Have you contacted a lawyer?

If its a coworker then have your husband served at work.

The 180 is the best way to get past the pain, there are several steps that will help you detach from you husband.

Have you thought about just going dark and surprise him with divorce paper?

Stay on the down low, get all your ducks in a row, then once you have your game plan have him served.

Its time for you to get a few steps ahead of your old man in stead being several step behind!


----------



## the guy (Aug 3, 2010)

For many folks its hard to pull the trigger. many flop back and forth in working on it or leaving. You seem to be head of the game by deciding on this marriage being done...now its time to act.


----------



## commonsenseisn't (Aug 13, 2014)

"Quote" This isnt the first time something like this has come up, but the first time I have been able to get real evidence. Since this (now obviously) has happened before, I am done. "Quote"

I'm very sorry. Since you are done there is a good basic protocol on how to "get it done"

First secure any documentation or evidence about the affair. 

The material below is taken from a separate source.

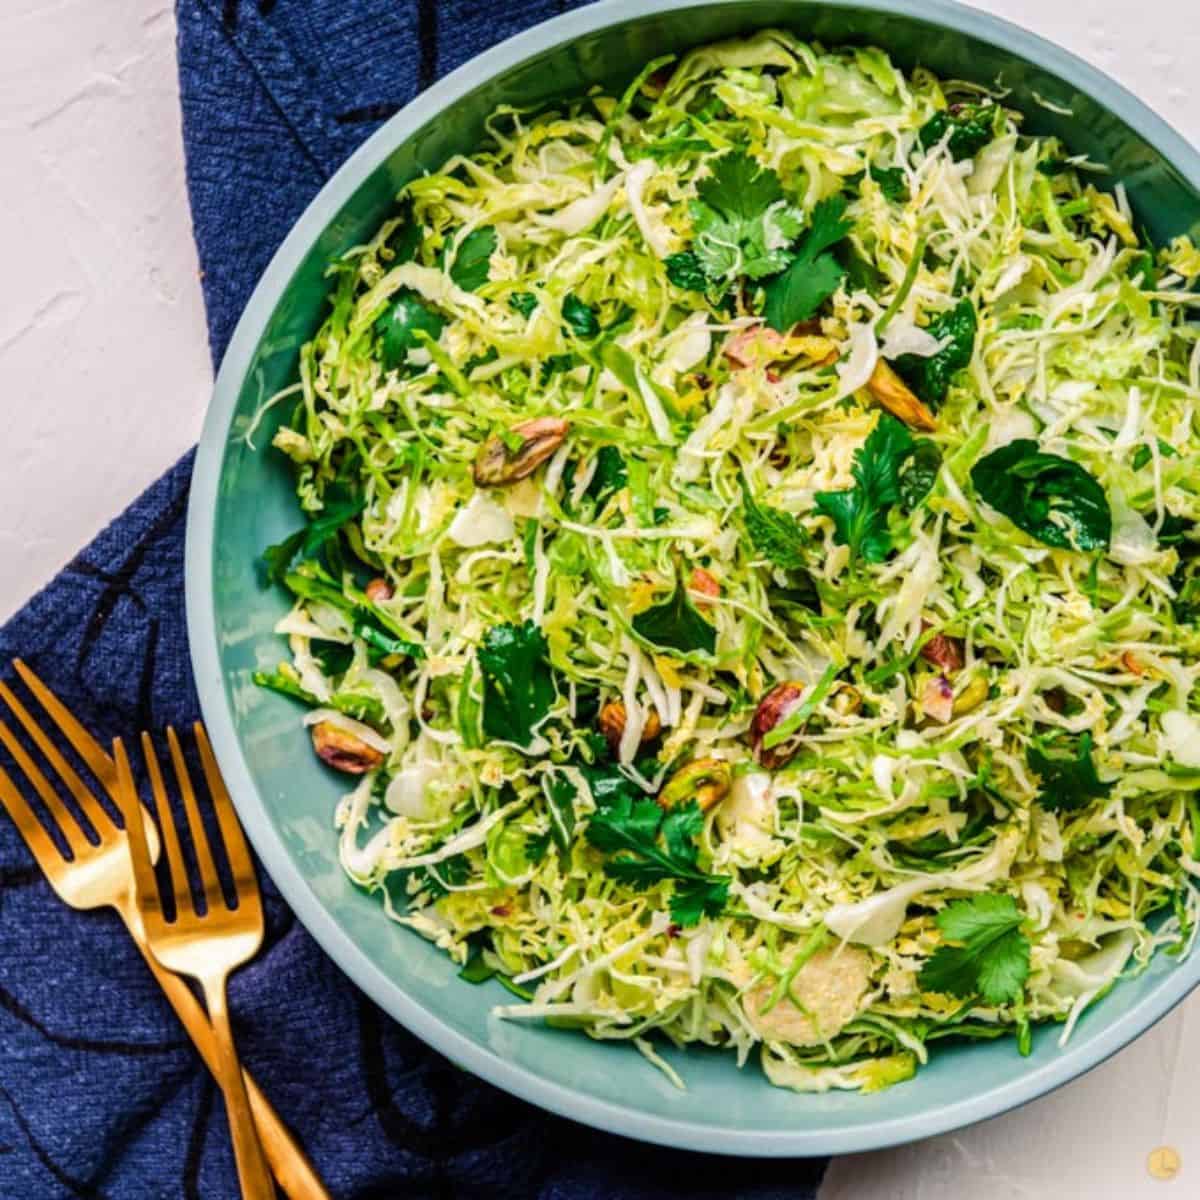 bowl of slaw made with brussels sprouts

Second, realize this is war. Do not tip your hand to your husband what you know or what you are going to do. Mouth shut, ears and eyes open. The reason is to make it easier for you to cut him off and get a good divorce settlement. 

Next, get a good lawyer and protect your assets and interests. Gather and document anything your lawyer deems useful. Do not threaten divorce or anything like it to your husband. Just quietly move toward the day when it's right to have him served the divorce papers. Lawyer will advise you about separating, etc. 

Next, learn and do the 180. Do not engage or interact with husband any more than necessary. Remember, you are not trying to improve the relationship or nurture the marriage. Many betrayed spouses have a hard time doing this because they want closure, are confused, dazed, etc. If you have kids remain cordial, but aloof. 

Next, see if you can get some counseling from a professional who has experience/training with infidelity. You need to get a head start on how to move on and get healthy again. Beware that there are plenty of idiot marriage counselors who are truly stupid. Hint: look for one who thinks your husband is an inexcusable jerk. 

Finally, the first stage of deliverance arrives when you serve him the divorce papers. It's great to be able to go totally dark on the cheater at this stage, but that is somewhat dependent upon living arraingements as advised by your lawyer. Preferably you can kick him out of your dwelling. 

The serving of divorce papers is also a great time to expose the affair to whoever you think should know. Exposure may or may not work in your favor, usually it does. Again, consult lawyer. Many folks here on TAM have some pretty good insights on these points and you will have to fine tune your path from what I've described. 

I applaud your resolve to be able to say "I'm done". You are making the right decision and I hope you see it through. Good luck.


----------



## Openminded (Feb 21, 2013)

I'm very sorry. I can't add anything beyond what has been already posted. Just know that you WILL get through this. It's tough but just take it a tiny bit at a time. Some days I couldn't see beyond the next 30 minutes. And some days I lived 5 minutes at a time. Your world has been shattered. It takes time to absorb that.


----------



## EleGirl (Dec 3, 2011)

alwayshere,

I'm concerned and checking in on you. How are you doing? What's going on?


----------